As inundações que atingiram o Nepal e o Tibete na quarta-feira (26 de Agosto) deixaram centenas de mortos e desaparecidos. Imagens registradas durante o desastre mostram as pessoas a fugir segundos antes de uma enorme massa de lama tomar conta de comunidades e destruir pontes, edifícios e outras estruturas.
Inicialmente, os cientistas acreditavam que a causa do evento havia sido um terremoto. Mas depois descobriram que os tremores estavam relacionados a um "colapso glacial" (leia mais a seguir).
O director do Centro de Estudos de Desastres da Universidade Tribhuvan, no Nepal, Basanta Raj Adhikari, disse à BBC News que há risco de uma "segunda e terceira ondas" de inundações nesta quinta-feira (27 de Agosto) ou na sexta-feira (dia 28).
"Nós ainda não sabemos", afirmou, acrescentando que segue discutindo a situação com colegas na China.
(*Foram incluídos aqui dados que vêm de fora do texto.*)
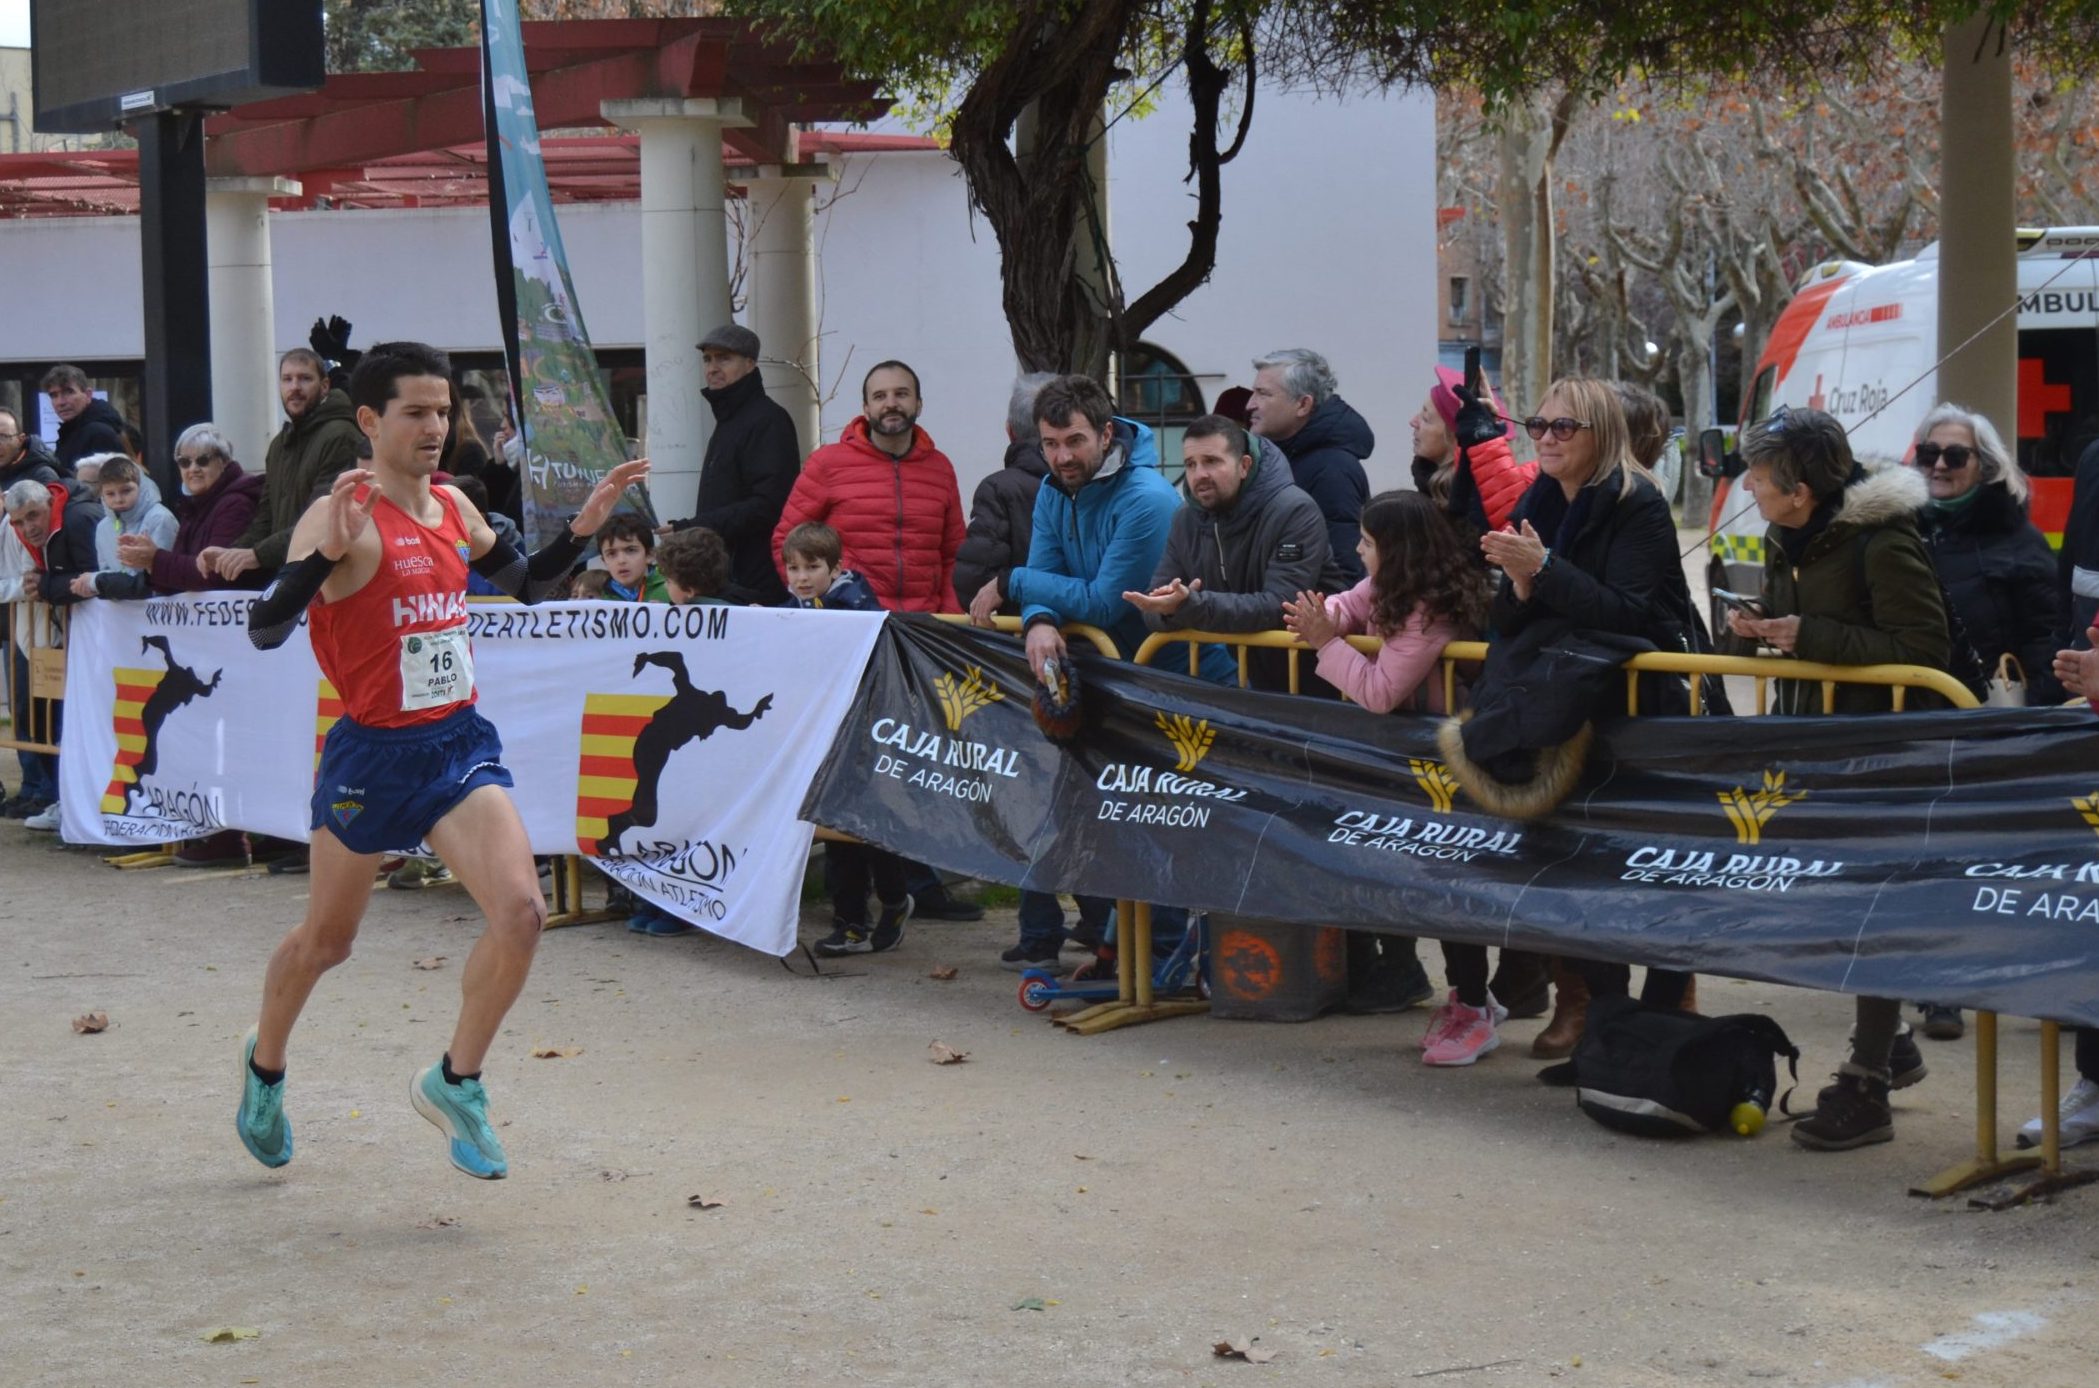 Pablo Salaverría en la imagen gana el aragonés de cross en Huesca. Foto: Sportaragon

Segundo Adhikari, não há previsão de chuvas intensas, mas novos deslizamentos de terra podem acontecer. "Estamos a observar, mas não sabíamos que isso aconteceria num determinado dia."
Adhikari afirmou ainda que os pesquisadores vêm monitorando os riscos associados às montanhas do Himalaia. "A mudança climática realmente está a acontecer."
O Serviço Geológico dos Estados Unidos (USGS) inicialmente detectou um sismo, mais tarde avançou que o evento foi uma consequência de um grande deslocamento de gelo e detritos.
Segundo o USGS, o evento sísmico provocado pelo colapso glacial foi equivalente à magnitude 5,2 e aconteceu perto da fronteira entre Nepal e China às 8h37 da manhã, no horário local.
Essa massa de gelo, pedras e detritos atingiu o rio Lhende Khola e teria bloqueado temporariamente o curso da água. Quando o bloqueio se rompeu, uma enorme onda de água, gelo, pedras e lama avançou rio abaixo.